If De Staebler’s persistent repetition of this stork-like posture sometimes seems excessively mannered, it also has led to some remarkable images. The grandest is “Archangel,” from 1987. This heroic, nearly 10-foot-tall piece consists of a huge wing attached to a reedy torso that thrusts forward in a sweeping convex curve. The artistic lineage of this piece includes the Nike of Samothrace, a famous ancient-Greek representation of the goddess of victory.

The ranks of De Staebler’s winged creatures also include “Winged Woman Walking” and “Right-Sided Angel,” and perhaps even “Standing Figure With Blue Shoulder” (the figure’s uplifted truncated upper arm resembles a wing).

In choosing to emphasize this motif of spiritual uplift, the artist offers an outlook on life that has become quite rare in art of quality. That he is able to pull this off with no loss of power speaks well for the flexibility and durability of his distinctive style.

There is, however, one nagging difficulty with the organization of the show: the seemingly random way the works are divvied up between the two Orange County sites.

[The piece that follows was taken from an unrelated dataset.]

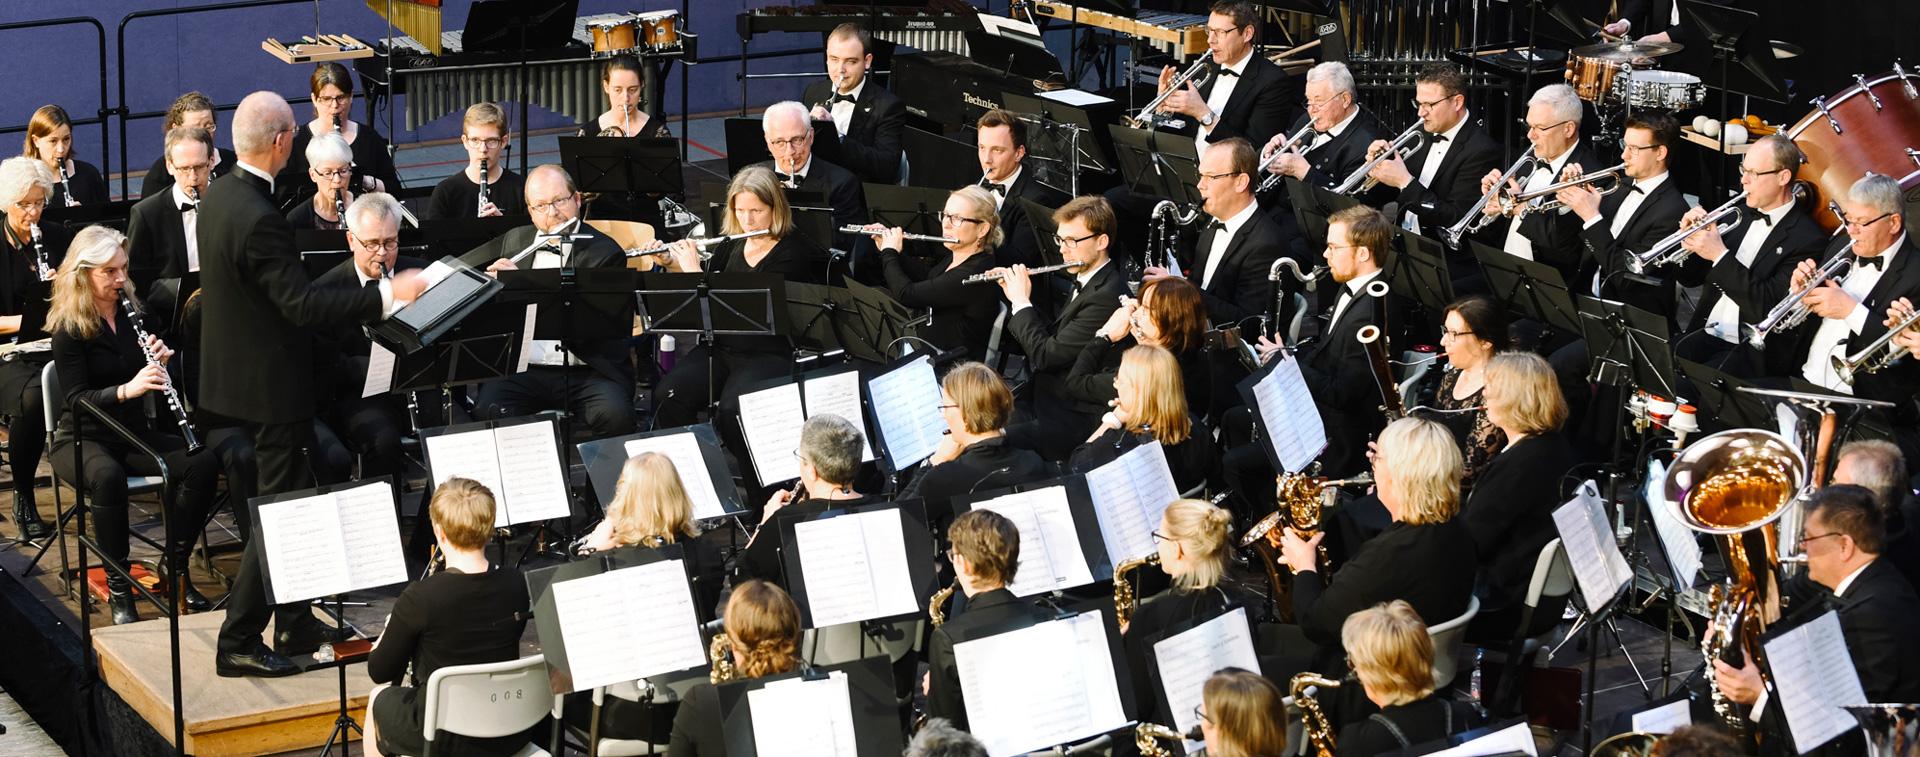 Blasorchester-Havixbeck-Orchester

The net impression is that the Laguna museum got the bigger and more unusual pieces and the modestly sized Saddleback gallery got whatever would fit inside without looking crowded. (Both installations are, happily, on the spare side.)

So, unless you’re a die-hard De Staebler fan, it hardly seems worth the extra drive down to Mission Viejo--a state of affairs that surely demonstrates the college gallery’s need for more spacious quarters.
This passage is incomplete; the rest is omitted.